Sculpting the mature nervous system: Molecular mechanisms of neuronal remodeling

Oren Schuldiner
Dr. Oren Schuldiner
Incumbent of the Aser Rothstein Career Development Chair
Office: Wolfson 504
Tel: +972-8-934-2769
My group is interested in understanding the molecular mechanisms that govern neuronal remodeling events that are essential for sculpting the mature nervous systems of both vertebrates and invertebrates. One mechanism of neuronal remodeling is that of axon pruning that describes the removal of long stretches of unneeded axons followed by re-growth to form correct and final connections.

Understanding axon pruning can also help our understanding of neurodegenerative diseases and aid in creating solutions for axon regrowth following injury. This is because axon fragmentation during the pruning process shares similarities with axon degeneration.

Developmental axon pruning of mushroom body (MB) γ neurons in the Drosophila fruit fly is a perfect model system to study neuronal remodeling: Not only can we harness the awesome genetic power of the fly and its short life cycle but we can also view the stereotypical neuronal remodeling as they occur in vivo during the larva to adult metamorphosis (see Figure 1).

In our research, we employ sophisticated state-of-the-art genetic techniques coupled with high-resolution confocal microscopy that enable us the visualization of single neurons within a whole brain. Moreover, we can make these specific neurons homozygous for a specific mutation, thus enabling the in vivo study of essential genes or those with pleiotropic roles in a cell autonomous manner (for more information, see the section about MARCM).

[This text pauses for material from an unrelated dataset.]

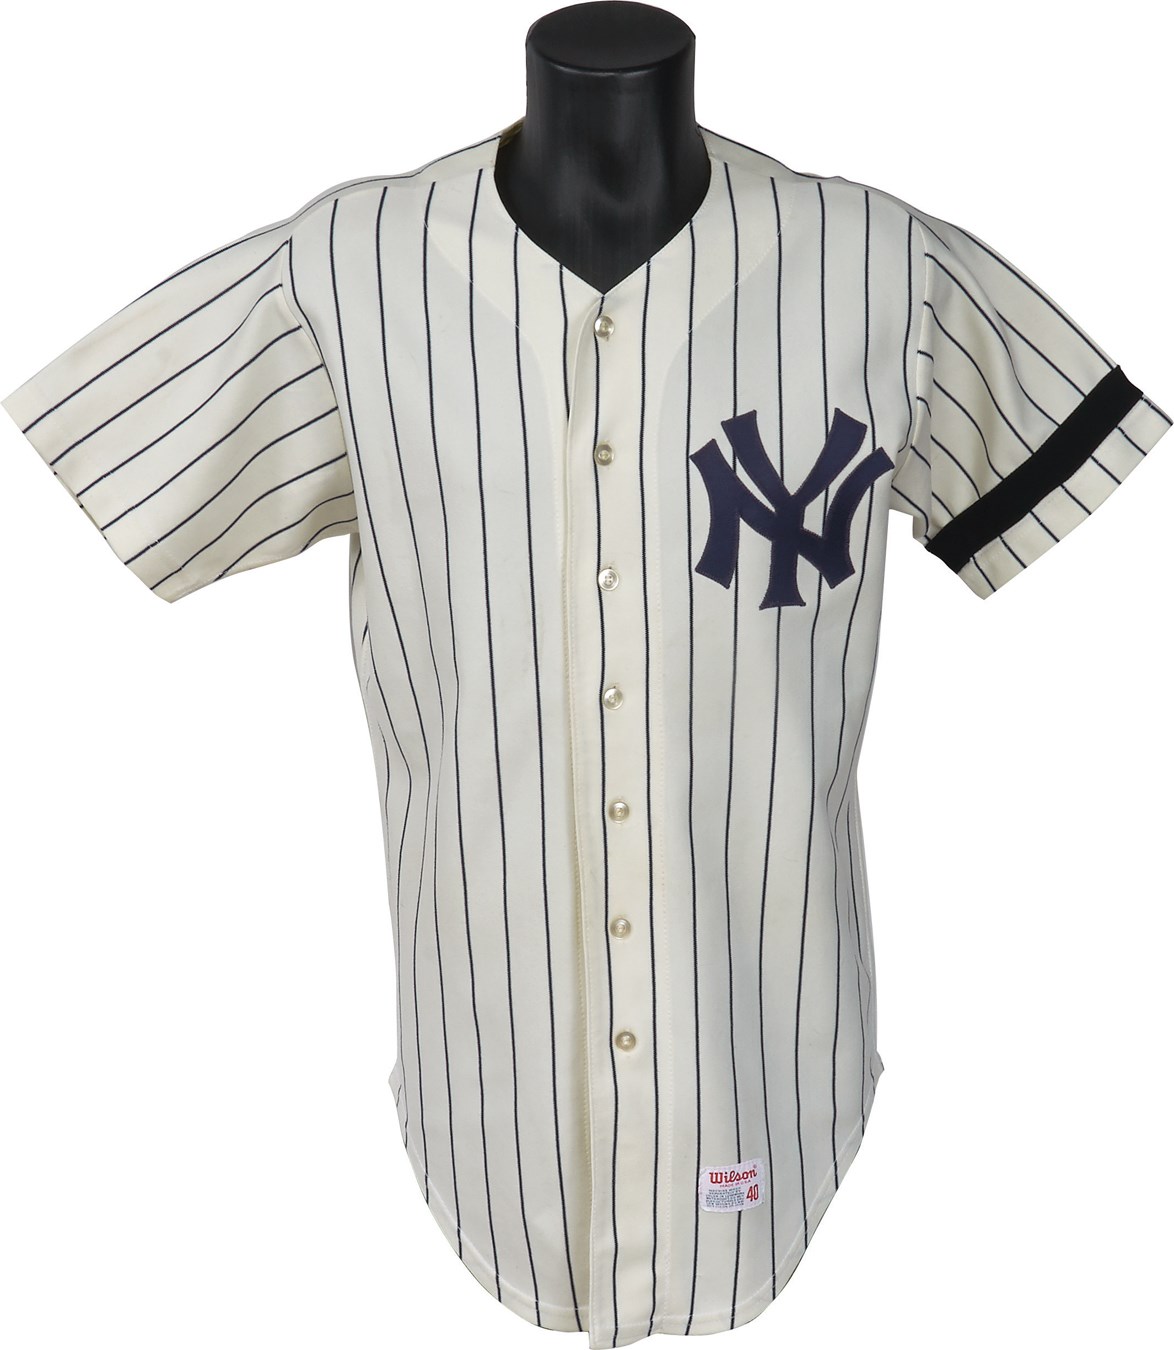 - 1978 Willie Randolph Game Worn World Series Game 2 Yankees Jersey (Photomatched)

Pruning of Drosophila Mushroom Body Neurons
Figure 1: Pruning of Drosophila Mushroom Body (MB) γ Neurons. (A) Schematic summary of MB development, indicating the three types of neurons generated from a common neuroblast precursor at three developmental stages. γ (red), α’/β’ (green) and α/β (blue) neurons have distinct axonal projection patterns in the adult brain. NHL, newly hatched larvae; ALH, after larval hatching; APF, after puparium formation.(B) Schematic representation and (C-D) γ neuron single/two-cell MARCM clones at different stages during development. (B,C) Larval neurons project axons to both the dorsal (d) and medial (m) lobes. (B,D) At 18 hr APF, axons prune larval-specific dorsal and medial branches (dashed arrows indicate the absence of the larval branches). (B,E) Adult neurons re-extended only medial (solid vertical arrow) but not dorsal (dashed horizontal arrow) branches. den, dendrites; p, peduncle; Green in (C-E) represents MB γ neuron MARCM clones labeled with mCD8-GFP; magenta represents anti-FasII staining, which labels strongly α/β neurons, weakly γ neurons, and does not label α’/β’ neurons. Modified from Watts et al (2003).